PENNSYLVANIA: Governor Tom Wolf announced the Department of Human Services (DHS) has been directed to submit a letter to the federal government withdrawing further consideration of “Healthy PA” – a Corbett administration alternative to Medicaid designed to broaden coverage to lower-income adults through the commercial market. Citing confusion among recipients and the plan’s administrative complexities, the Wolf administration will alternatively pursue a single streamlined benefits package for adults. The announcement also noted existing coverage for current enrollees will continue until the transition process toward the new approach is completed.

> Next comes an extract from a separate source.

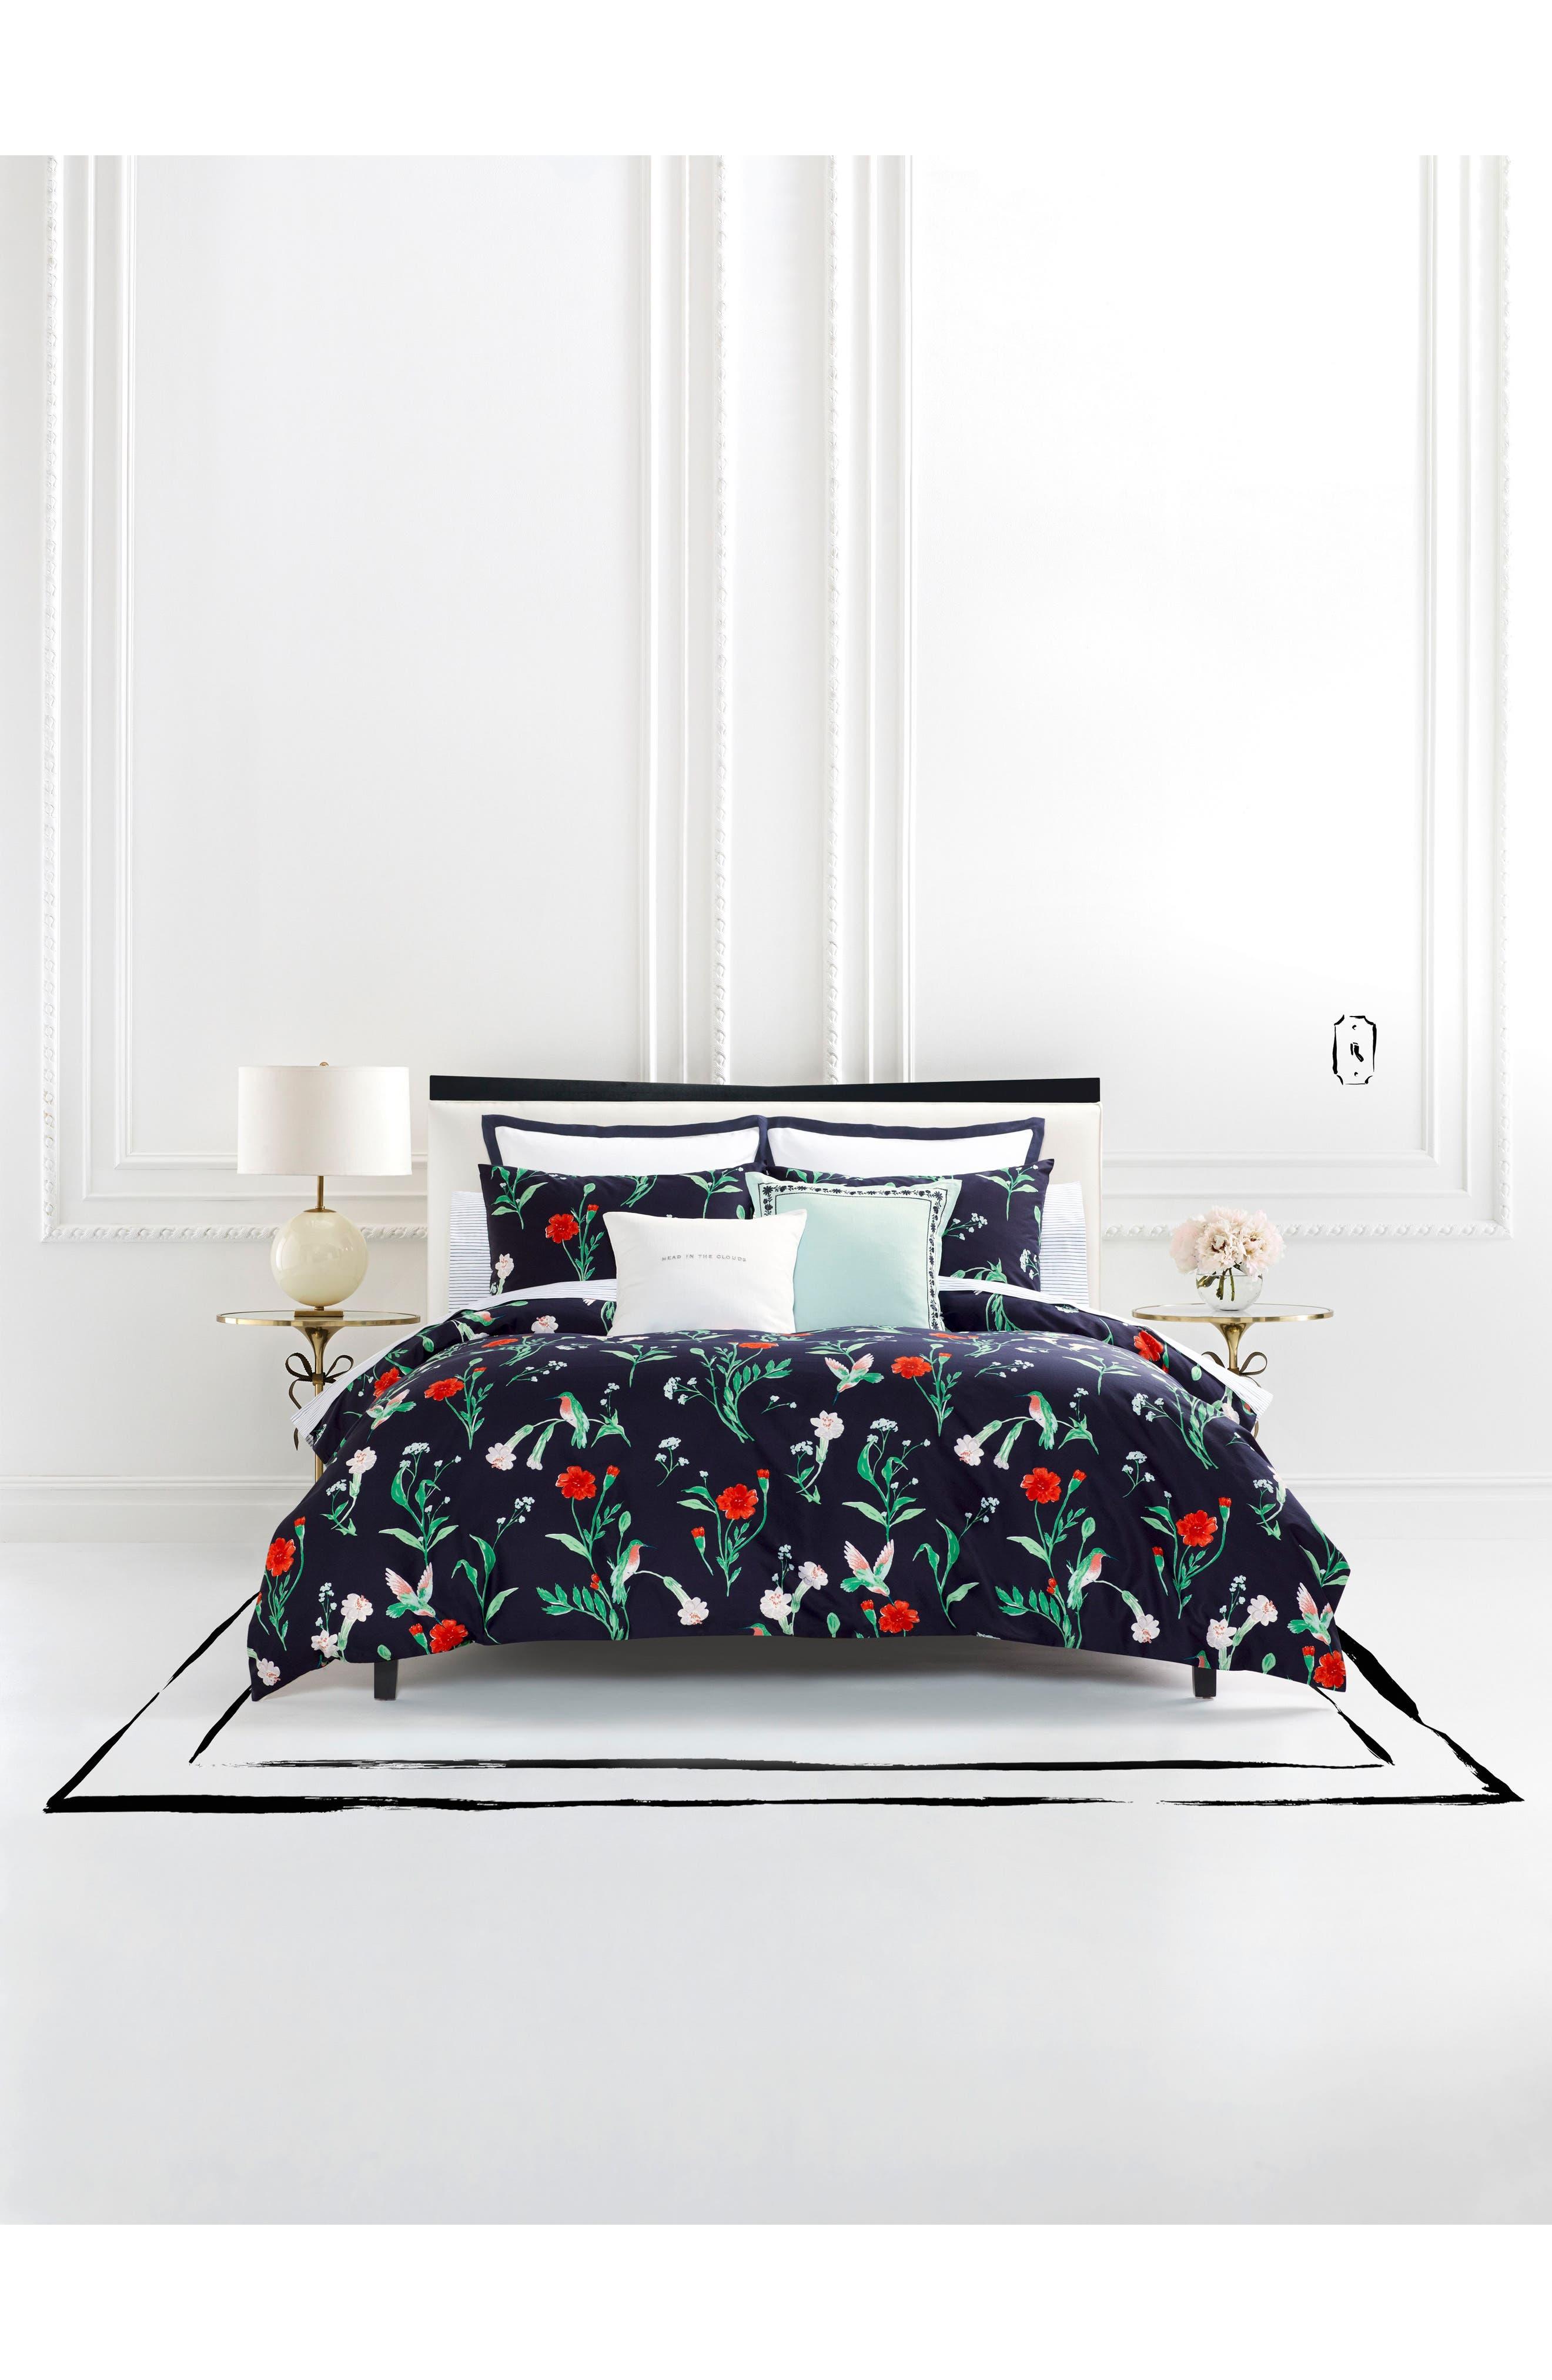 kate spade new york hummingbird comforter & sham set
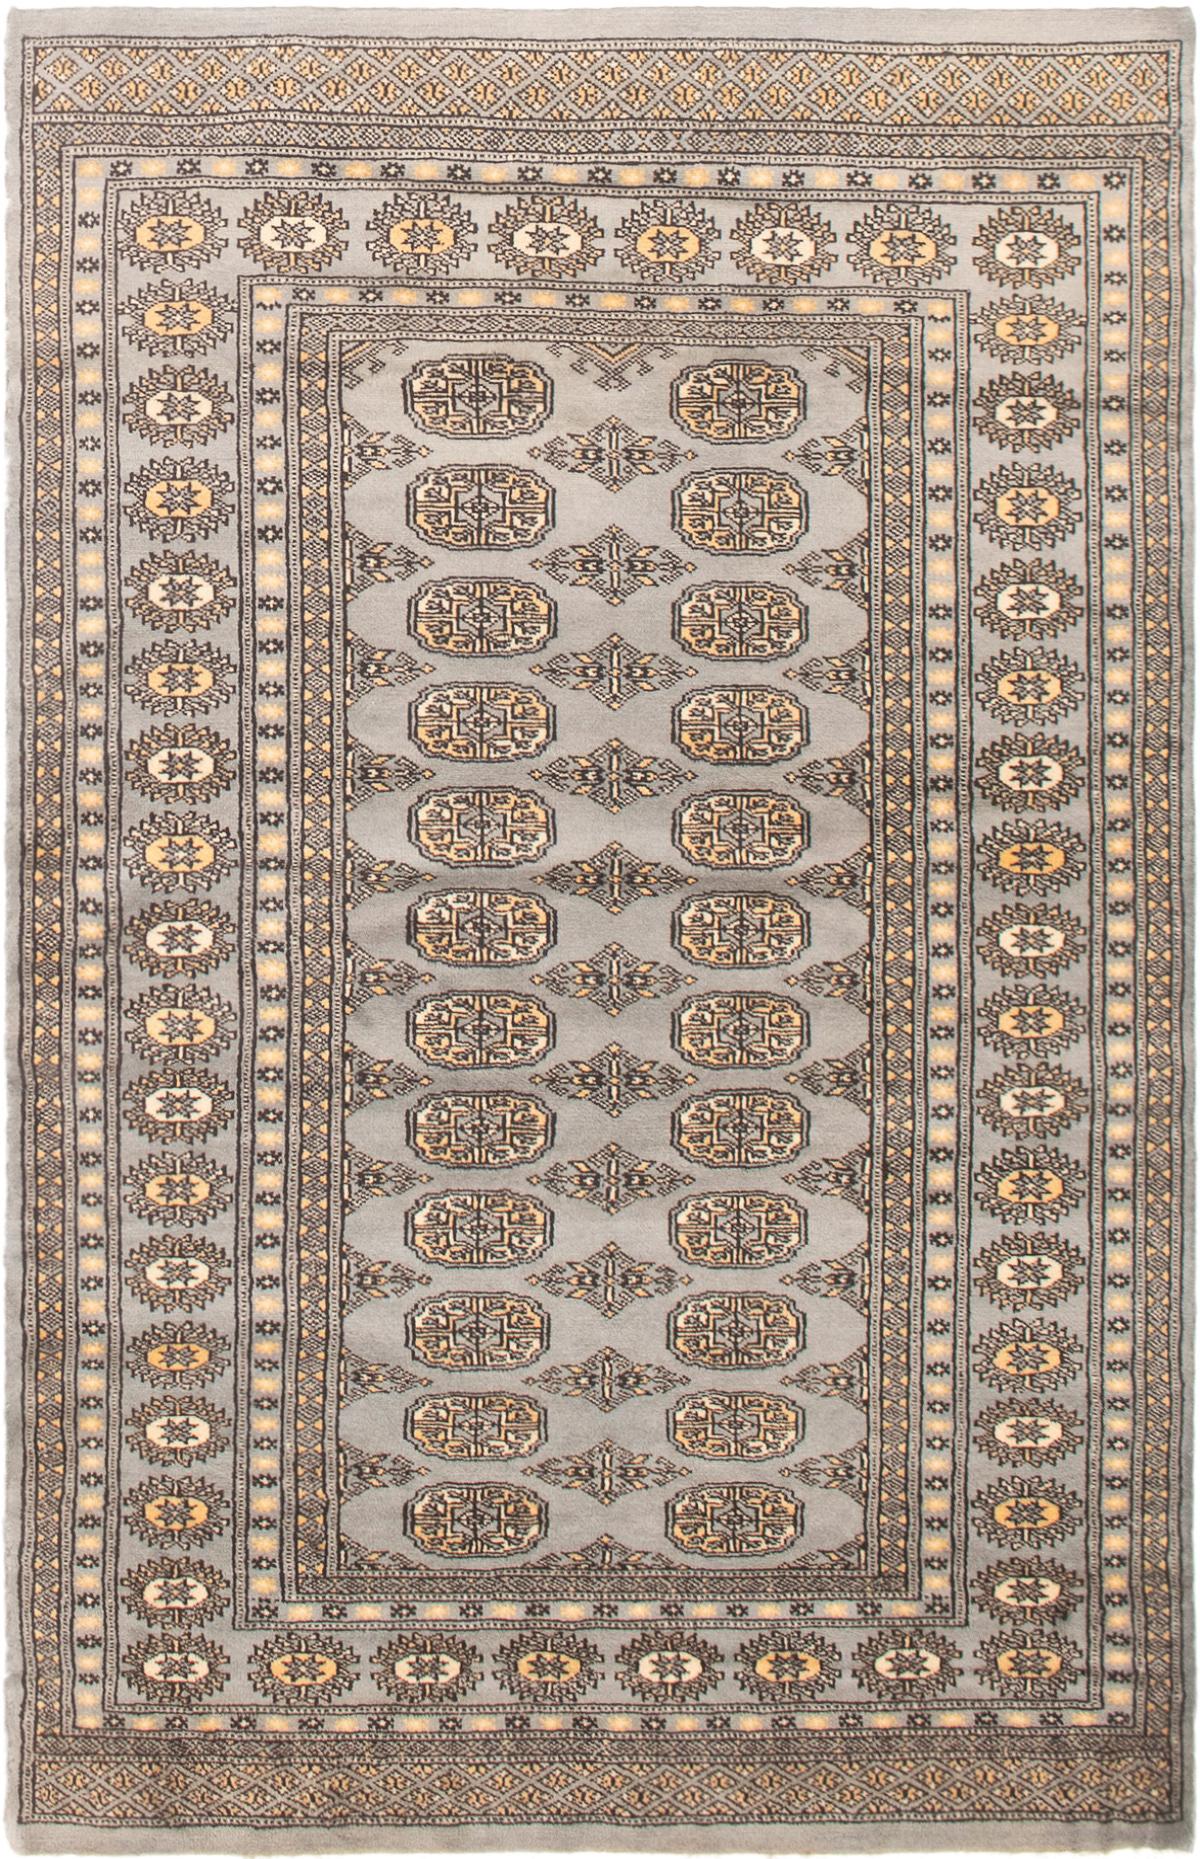 "Hand-knotted Finest Peshawar Bokhara Light Blue  Wool Rug 4'0"" x 6'3"" Size: 4'0"" x 6'3"""

Governor Tom Wolf also announced that the federal government has agreed that Pennsylvania families enrolled in the Children’s Health Insurance Program (CHIP) Buy-in Plan will not face tax penalties in 2015 while the program is brought into compliance with minimum essential coverage under the ACA. Families now get to keep their CHIP Buy-In coverage and will not be forced to get new insurance on the exchange by April 15. At the same time, the governor has received commitments from insurance companies to work in the coming weeks to ensure that full-cost CHIP meets essential coverage before the end of the year.

WASHINGTON: The state has announced special enrollment opportunities for residents who may become aware of the tax penalty for not having health insurance under the ACA when they file their annual tax return this year. The special enrollment period runs from February 17 to April 17.